Dari Ar Rubayyi' bin Al Mu'awwidz radhiallahu'anha, ia berkata:
أَرْسَلَ
النبيُّ صَلَّى اللهُ عليه وسلَّمَ غَدَاةَ عَاشُورَاءَ إلى قُرَى الأنْصَارِ: مَن
أصْبَحَ مُفْطِرًا، فَلْيُتِمَّ بَقِيَّةَ يَومِهِ ومَن أصْبَحَ صَائِمًا،
فَليَصُمْ، قالَتْ: فَكُنَّا نَصُومُهُ بَعْدُ، ونُصَوِّمُ صِبْيَانَنَا،
ونَجْعَلُ لهمُ اللُّعْبَةَ مِنَ العِهْنِ، فَإِذَا بَكَى أحَدُهُمْ علَى
الطَّعَامِ أعْطَيْنَاهُ ذَاكَ حتَّى يَكونَ عِنْدَ الإفْطَارِ
“Bahwa di pagi hari Asyura, Rasulullah shallallahu ‘alaihi wa
sallam mengutus beberapa sahabat ke kampung-kampung Anshar (ketika puasa
diwajibkan). Untuk menyampaikan: “Siapa yang hari ini sudah sarapan, hendaknya
dia puasa di sisa harinya. Dan siapa yang berpuasa, hendaknya dia lanjutkan
puasanya”. Ar Rubayyi’ berkata, “Kamipun berpuasa setelah itu, dan kami
mengajak anak-anak kami untuk berpuasa. Kami membuatkan untuk mereka boneka
dari kapas. Jika mereka menangis karena minta makan, kami berikan boneka
tersebut. Demikian terus sampai datang waktu berbuka” (HR. Bukhari no. 1960).

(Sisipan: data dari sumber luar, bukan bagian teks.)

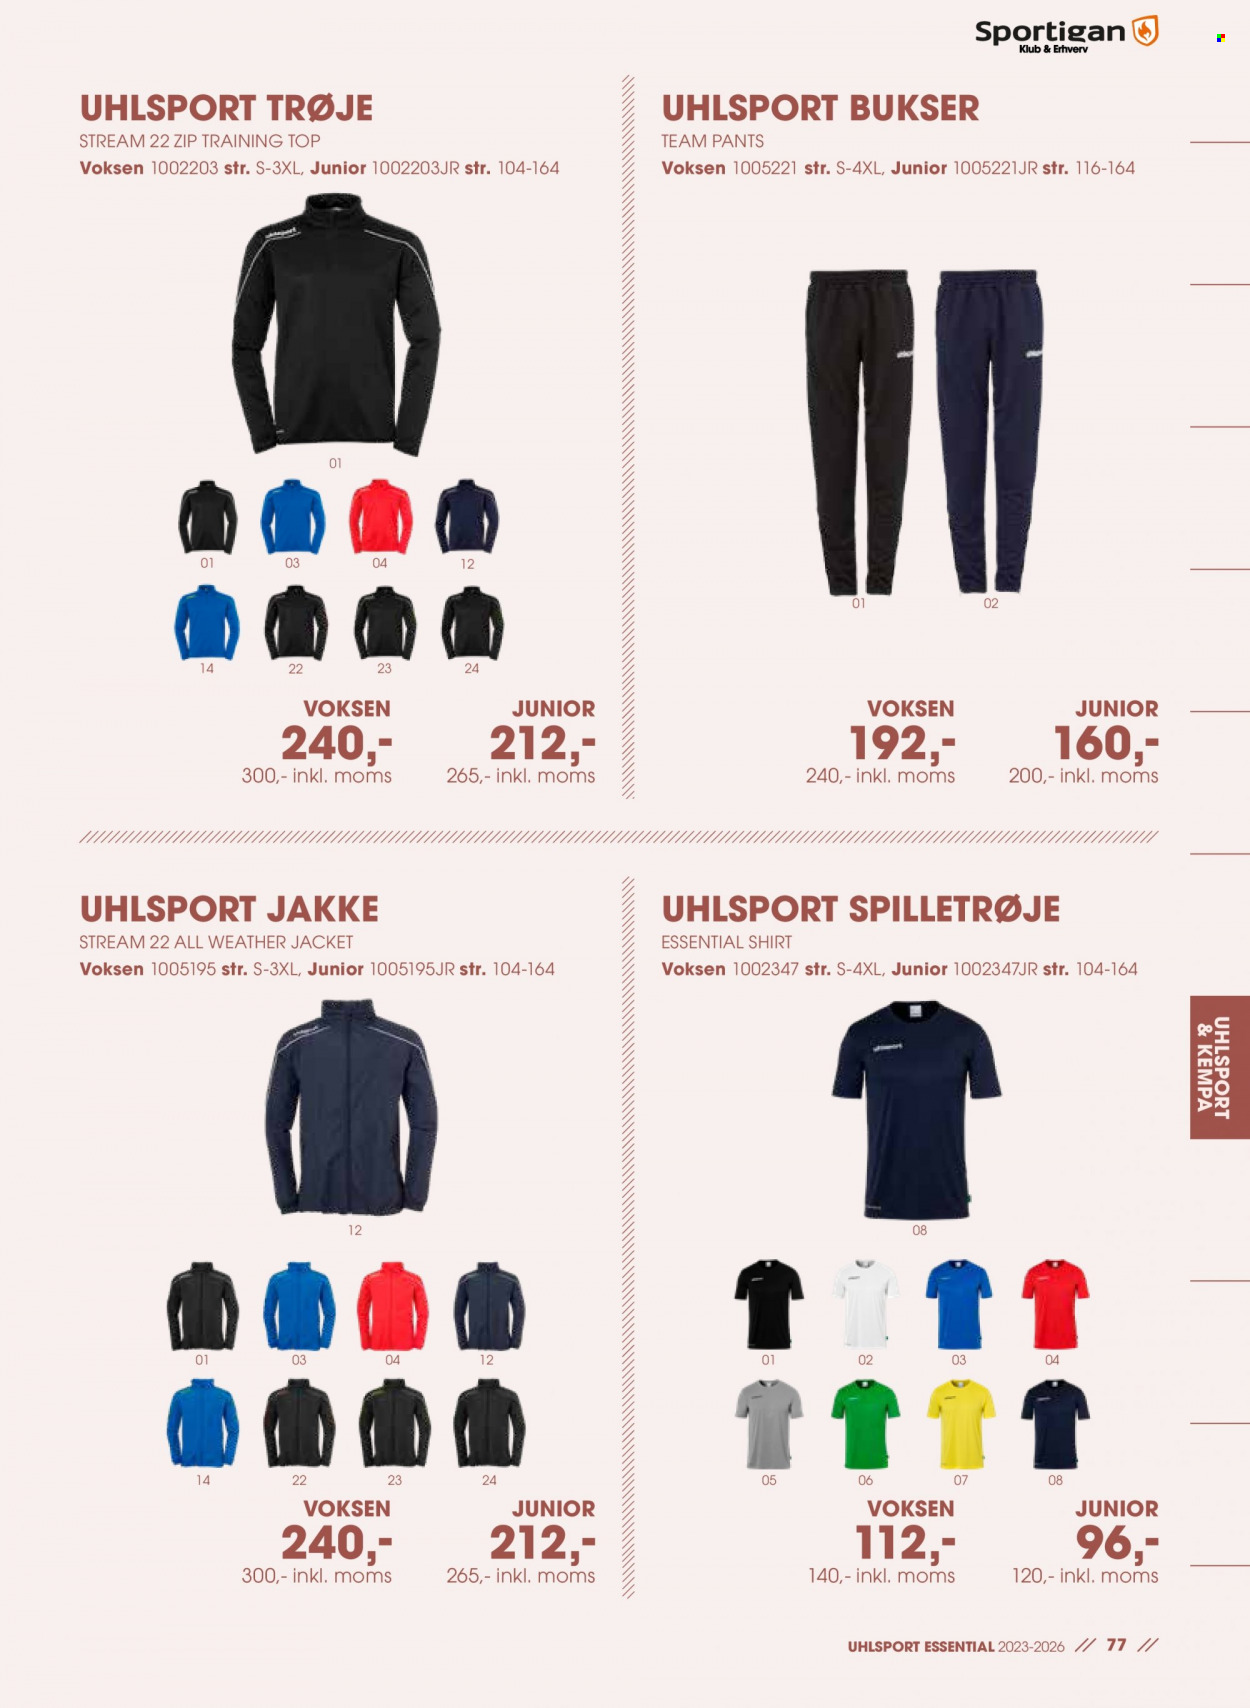 thumbnail - Sportigan tilbud  - tilbudsprodukter - jakke, bukser, Uhlsport, trøje. Side 77.

Jangan bermudahan ketika anak merengek minta makan lalu kita
berikan makanan. Sehingga anak-anak menjadi lemah dan tidak sabar. Namun jika
ada mudhorot yang lebih besar maka boleh berbuka.
6. 6. Reward & Punisment
Berikan reward ketika mereka berhasil puasa 1 hari penuh.
7. 7. Antara
Longgar & Ketat
Jika anak lemasa dan tidak kuat tidak apa berbuka, namun jangan
terlalu longgar juga ketika merengak sedikit lalu berbuka.
Al mutharif mengatakan Sebaik-baik
perkara ialah yang pertengahan
8. 8. Berusaha
Menyebutkan Dalil
Syaikh Muhammad bin Shalih Al Utsaimin –rahimahullah– mengatakan:
Sebaiknya anak-anak diberikan pengetahuan tentang hukum-hukum
sesuatu beserta dalil-dalilnya. Misalnya, ketika anda mengatakan kepada anak
anda: “Bacalah basmalah saat akan makan, dan bacalah hamdalah saat kamu selesai
makan!“, jika anda mengatakan itu; maka maksud perintahnya sudah tercapai.
Tapi bila anda mengatakan: “Bacalah basmalah saat akan makan, dan
bacalah hamdalah saat kamu selesai makan, karena Nabi -shollallohu alaihi
wasallam- menyuruh (kita) agar membaca basmalah sebelum makan, beliau juga
mengatakan: ‘Sungguh Allah meridhoi seorang hamba yang memakan sesuap makanan dan
dia membaca hamdalah karenanya, dan (seorang hamba) yang meminum seteguk
minuman dan dia membaca hamdalah karenanya!“. Anda akan mendapatkan 2 manfaat:
Pertama: Anda membiasakan anak anda untuk mengikuti dalil.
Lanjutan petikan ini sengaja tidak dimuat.